Friday, January 18, 2013

De-Vegetarianizing

I've made my fair share of bad decisions.  None have been truly awful, nothing that could leave me racked out on the floor of an opium den or at the bottom of a cement mixer in New Jersey.  Often, my worst decisions are rooted in acts of omission or the dull addictive safety of logic. So perhaps it follows that my best decisions are usually based on impulse and gut feeling.  When I take action for inexplicable or foolish reason, I am immensely proud I overcame my own "don't s" and "shouldn't s".

One memorably thoughtless good decision I made was senior year of college at three am, an hour typically reserved for booty calls and future life regrets.  I was at my parents' house for winter break, wandering the hallways with the soul-searching insomnia of a 21 year old one week too long in suburbia.  As with all good soul searches, I ended up looking for answers in the fridge.

Pawing through its contents, I took one judicious bite of everything: pickle spear, spoonful of whipped cream, smidge of spinach quiche, nibble of gruyere, rice pliaf topped with homemade blueberry jam... (gross, I know, but if you've never done this you're either lying or missing out).  And then I found an unexpected prize: a cornish game hen, the whole oven roasted bird nestled in golden glory inside a tupperware box.

I had been a vegetarian for six years, with only the occasional fish crossing my plate.  My reasons were ecological, but it was pretty easy holding the moral high ground when I never really missed eating meat.  Or if I did, the profusion of vegetarian potlucks endemic to a liberal arts campus were there to shore me up.  Avoiding temptation had been relatively easy...until I saw that cornish game hen, sitting in the soft glow of the fridge light, promising all the comfort of home cooking, the savory bouquet of rosemary and thyme.

Suddenly, every cell of my body was screaming for meat, throwing a hormonal fit like a bratty kid in a candy shop.  I was dizzy, I was weak with lack of protein, I would not make it back upstairs to my bed without at least one small bite of that roasted meat perfection.

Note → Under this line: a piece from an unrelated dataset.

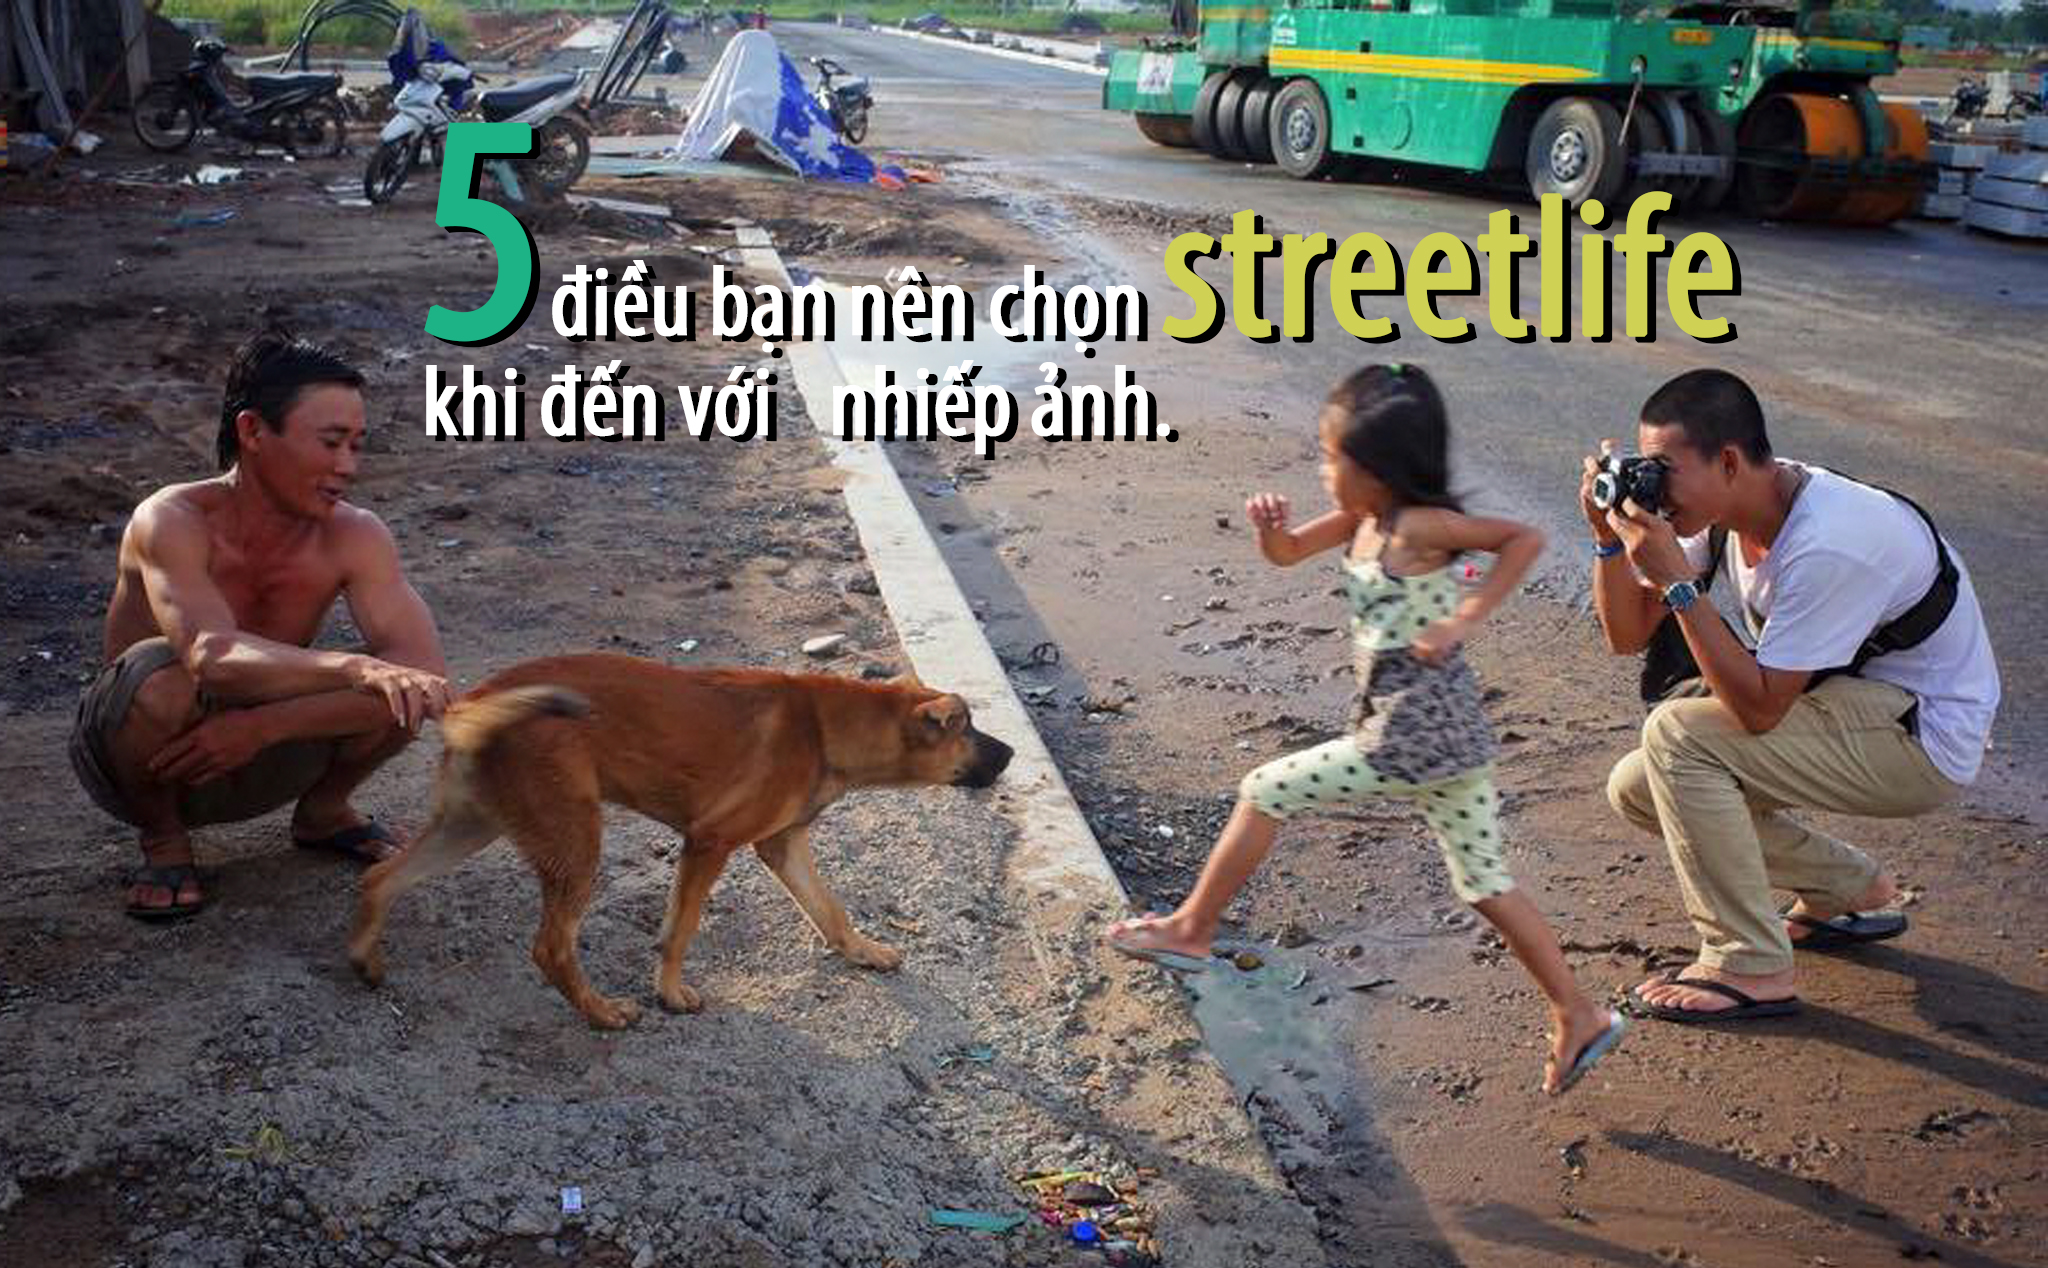 5 điều bạn nên chọn streetlife khi đến với nhiếp ảnh.

I didn't microwave it, I didn't grab a plate, knife, or fork; I went Viking on that hen. Sitting in the cold pale pool of light cast by the open fridge door, I barely took breaths between bites.  Drumsticks, wings, dark meat, light meat.  Blood roared in my ears.  Molten greasy roasted gold coursed through my veins.  Feathers fogged my vision.  When I was done my savage attack all that remained was a tiny pile of bones, perfectly white and picked clean.

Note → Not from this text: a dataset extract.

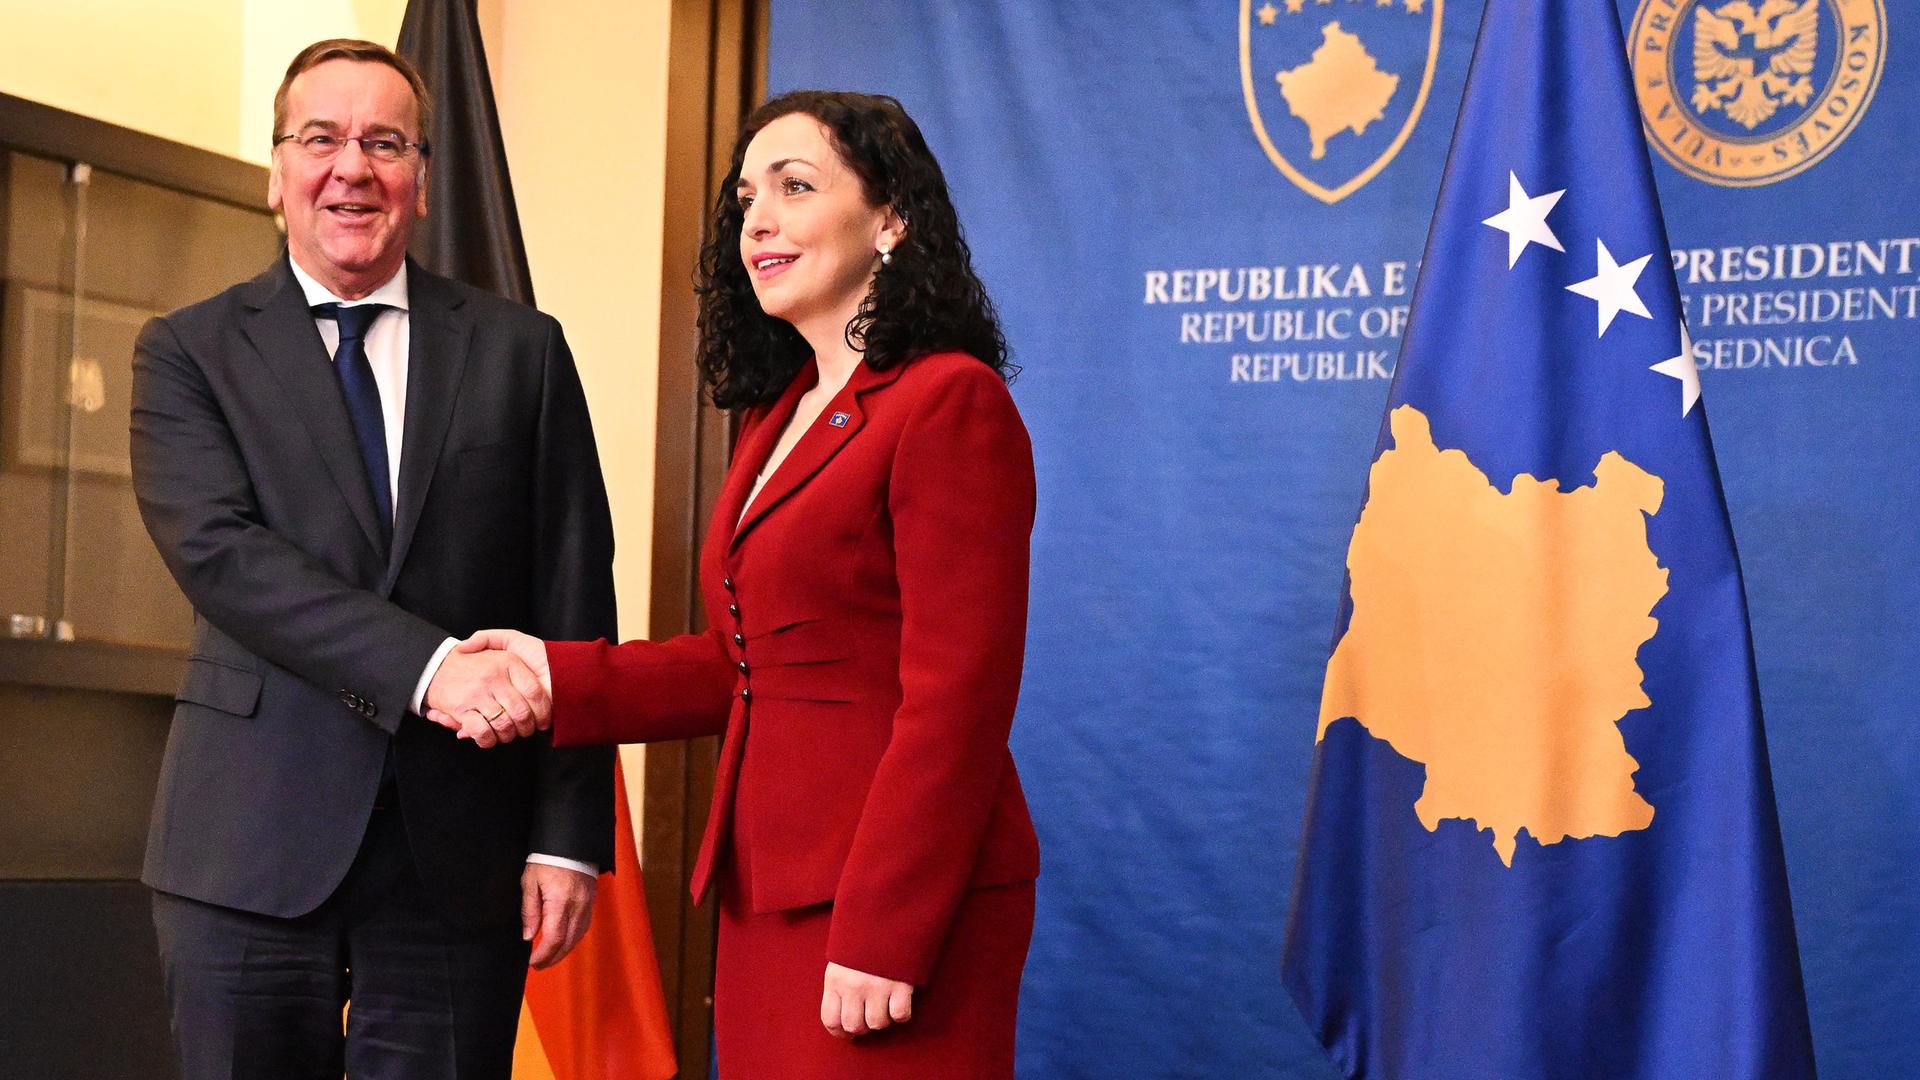 Boris Pistorius wird von Vjosa Osmani, Präsidentin der Republik Kosovo, per Handschlag begrüßt.

Six years of moral decisiveness came to a close, six years of health problems were soon to be behind me. I was out of body, floating, full of energy.   This was way beyond booze or pot, this was meat.  I felt amazing, human, omnivorous.       

De-vegetarianizing was a slow process and I'm still a proponent of limited, sustainable meat consumption and respect those who keep vegetarian, whatever their reasons.  But letting myself dig into that hen set the stage for a basic truth I have come to learn in life after college, after the scripted to-do list ended:  there is a beauty and a freedom in cutting lose and following your gut.  Even if it wants to eat a whole hen at 3 am.